Eltham (/ˈɛltəm/ EL-təm) was a constituency in Greater London created in 1983 and represented by Clive Efford of the Labour Party in the House of Commons of the UK Parliament from 1997 until its abolition for the 2024 general election.

The seat broadly covered the southern half of the Royal Borough of Greenwich.

Under the 2023 Periodic Review of Westminster constituencies, the seat was subject to boundary changes which incorporated the Borough of Bromley communities of Chislehurst and Mottingham. As a consequence, it was replaced by Eltham and Chislehurst, first contested at the 2024 general election.

==Boundaries==

1983–1997: The London Borough of Greenwich wards of Avery Hill, Coldharbour, Deansfield, Eltham Park, Herbert, Middle Park, New Eltham, Nightingale, Palace, Sherard, Sutcliffe, Tarn, and Well Hall.

1997–2010: As above less Nightingale, plus Plumstead Common, Shrewsbury, and Slade.

2010–2024: The London Borough of Greenwich wards of Coldharbour and New Eltham, Eltham North, Eltham South, Eltham West, Kidbrooke with Hornfair, Middle Park and Sutcliffe, and Shooters Hill.

The constituency was in the Royal Borough of Greenwich in south-east London. Before 1983, a constituency with similar boundaries was called Woolwich West.

The seat was bordered by the constituencies of:
- Bromley and Chislehurst
- Erith and Thamesmead
- Greenwich and Woolwich
- Lewisham East
- Old Bexley and Sidcup

==Constituency profile==
The constituency is centred on Eltham which has a typical High Street shopping area, surrounded by 20th century suburbs such as Mottingham and New Eltham.
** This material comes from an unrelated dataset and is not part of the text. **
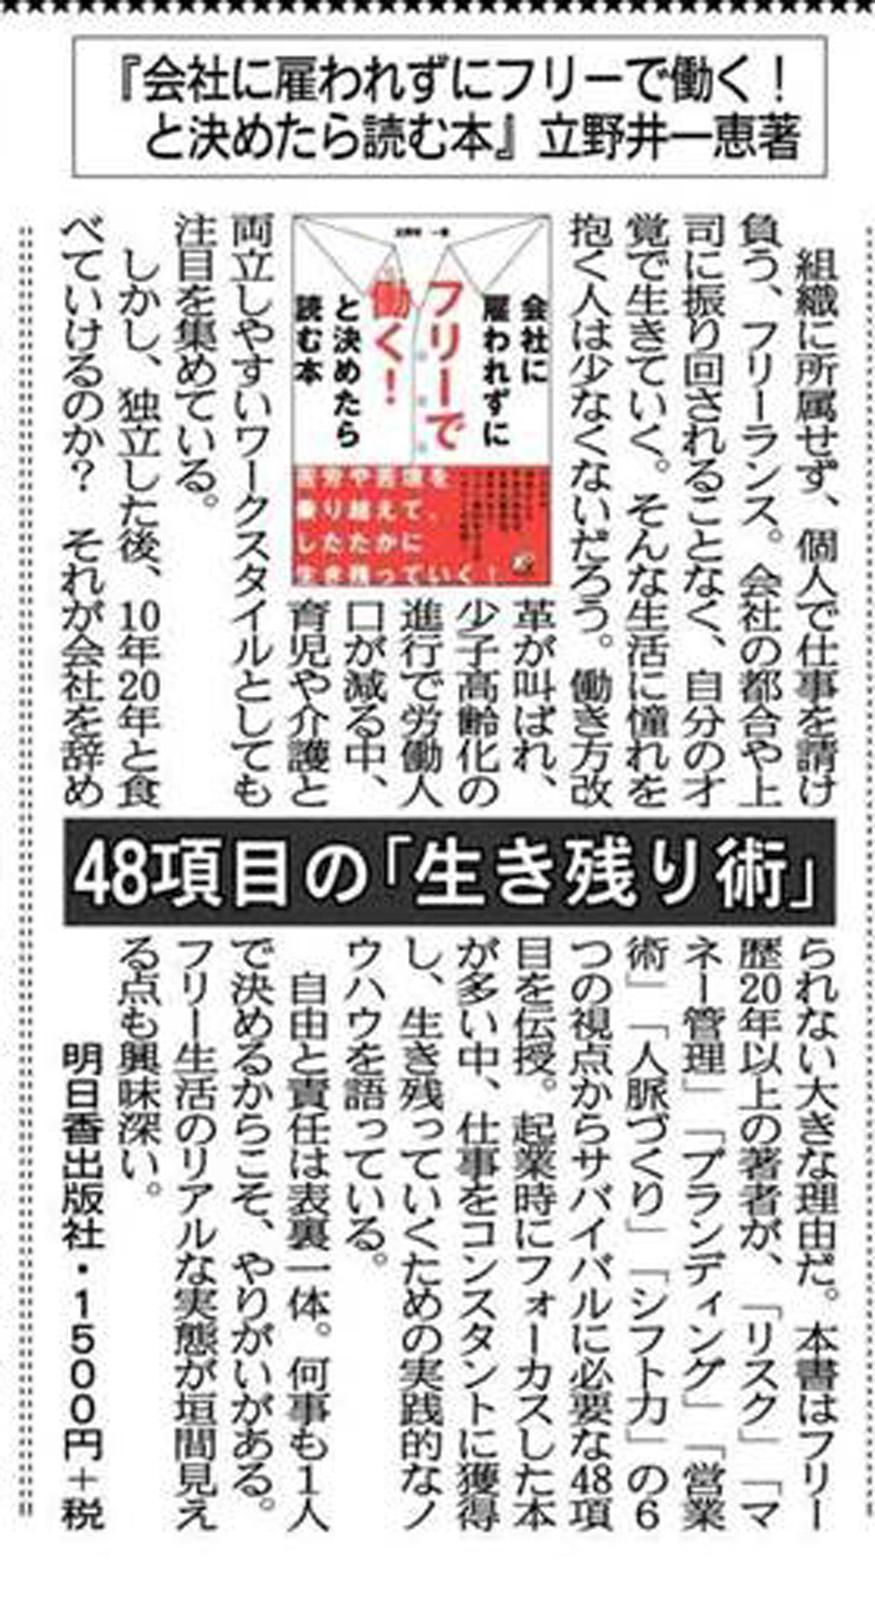 http://www.asuka-g.co.jp/event/c65cea4a77f8d1e8c9e898bd005f2669c941ceb1.jpg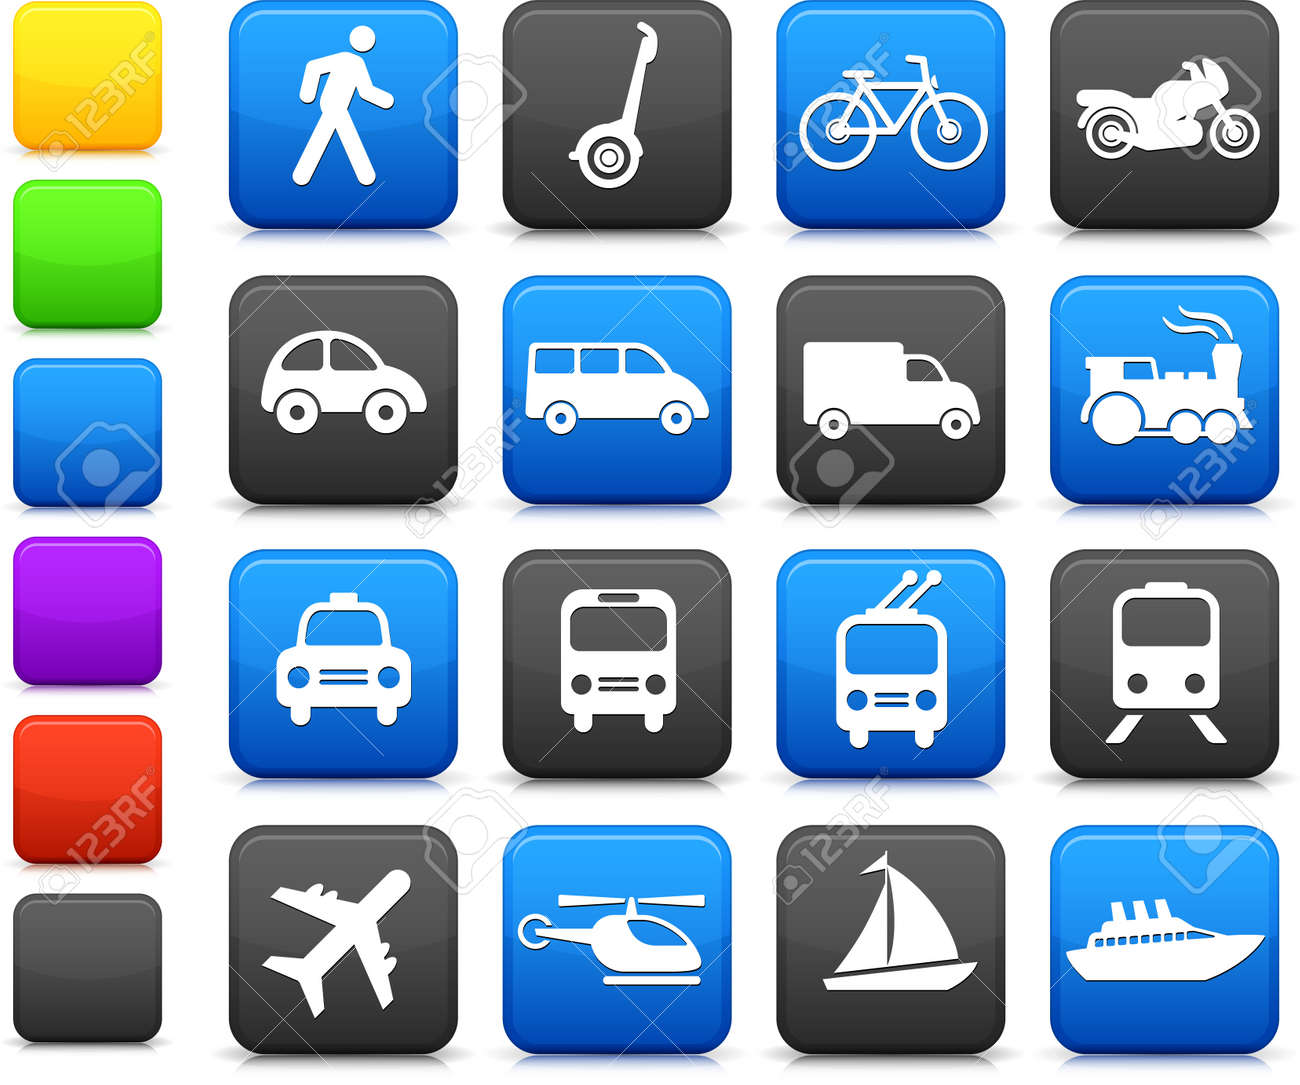 Original vector illustration: Transportation icons design elements Stock Vector - 22419234

There are two railway lines in the seat and many residents commute to Central London. Residents' health and wealth are around average for the UK.

Most central and southern wards have tended in local elections since 1997 to elect Conservative councillors whereas the other wards are inclined to Labour such as West Eltham. The former areas have more owner-occupied houses and are more middle-class. Labour has fared well in the same period in the northern areas of the constituency towards Greenwich, and in areas such as Shooters Hill and Well Hall with the exception of the conservation area parts of Blackheath adding to one ward.

==History==
- Summary of results
The 2015 result gave the seat the 28th-smallest majority of Labour's 232 seats by percentage of majority.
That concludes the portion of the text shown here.